Enjeux stratégiques : souveraineté numérique et diplomatie du savoir
Cet échange sino-congolais s’inscrit dans un paysage géopolitique où la maîtrise des algorithmes conditionne la compétitivité. Pour Brazzaville, la montée en compétence de sa jeunesse participe à la construction d’une souveraineté numérique cohérente avec les orientations du Plan national de développement 2022-2026. Les décideurs y voient un double dividende : d’une part, doter le marché du travail local de profils technologiques susceptibles d’attirer des investissements directs étrangers, d’autre part, créer une masse critique de formateurs capables de disséminer la culture digitale dans le tissu social. De surcroît, la coopération éducative renforce la diplomatie congolaise en la plaçant dans une dynamique d’alliances horizontales, privilégiant l’échange d’expertise plutôt que l’assistanat, conformément à la rhétorique défendue par de nombreux États africains dans les forums multilatéraux.
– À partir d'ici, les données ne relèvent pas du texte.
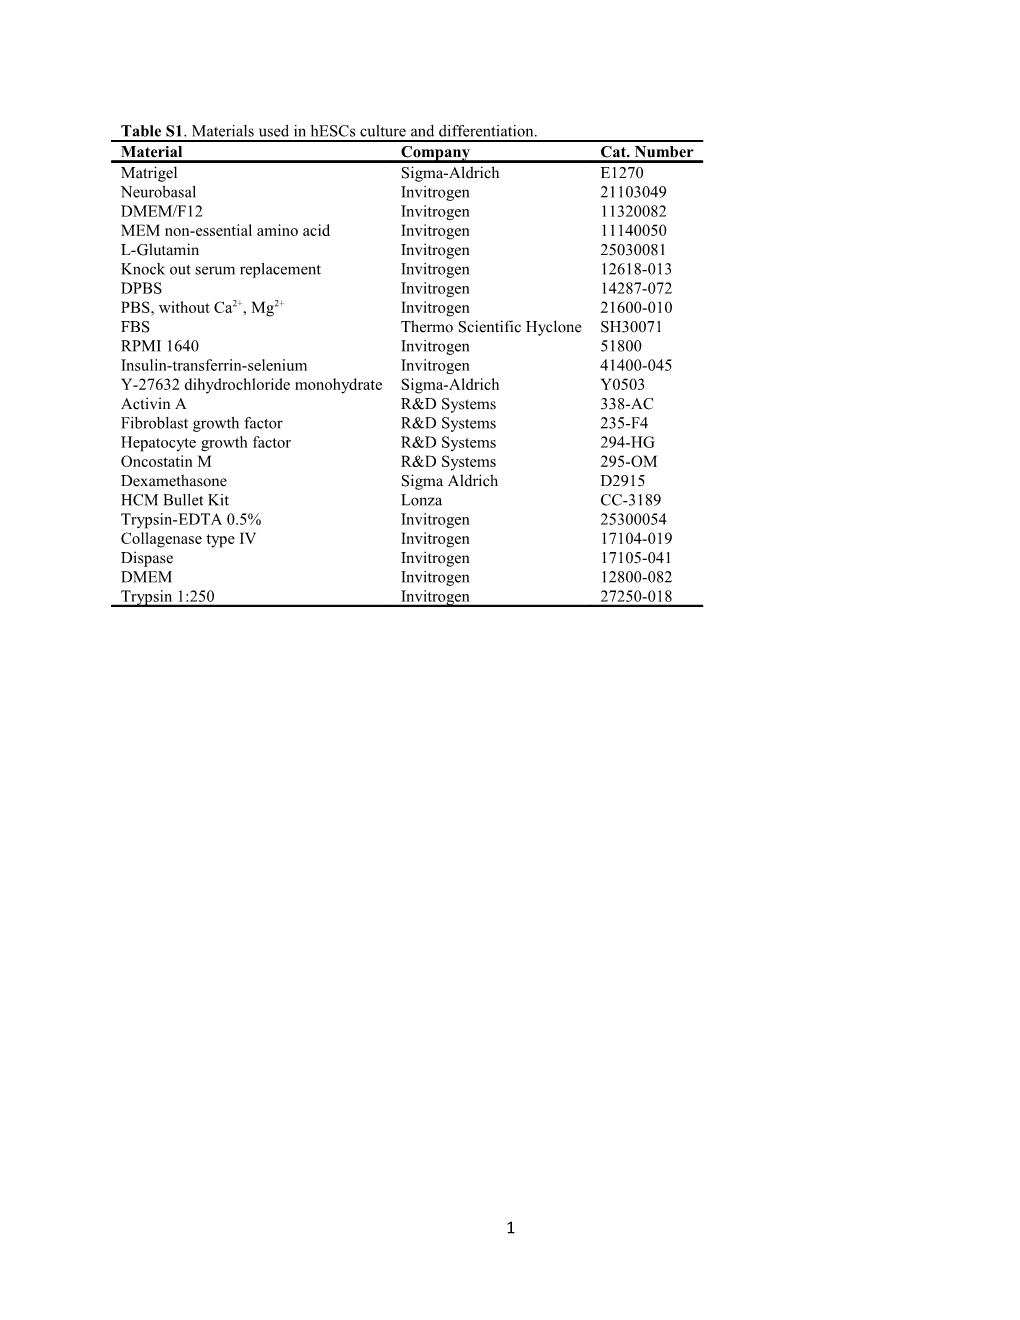 Table S1. Materials Used in Hescs Culture and Differentiation

Perspectives : capitaliser sur l’élan et pérenniser l’écosystème
Alors que le souvenir de Shenzhen est encore frais, la question de la pérennité se pose. Le ministère de l’Enseignement général a annoncé la création d’un fonds d’amorçage destiné aux clubs de codage, tandis que la Banque congolaise de développement étudie des incitations fiscales pour les entreprises acceptant de parrainer des laboratoires scolaires. L’enjeu consiste désormais à éviter l’effet vitrine : sans déploiement d’infrastructures robustes et sans formation continue des enseignants, l’expérience reste confinée à une élite. Pour l’Unesco, la clé réside dans la mise en réseau des bénéficiaires : un hub virtuel permettra de mutualiser ressources pédagogiques et retours d’expérience. « Il faut transformer la réussite individuelle en dynamique collective », martèle Fatoumata Barry. Dans cette perspective, les sept ambassadeurs de l’IA congolaise ne sont pas une fin en soi mais les premiers maillons d’une chaîne appelée à irriguer l’ensemble du système éducatif, contribuant à ancrer le Congo dans la cartographie mondiale de l’innovation responsable.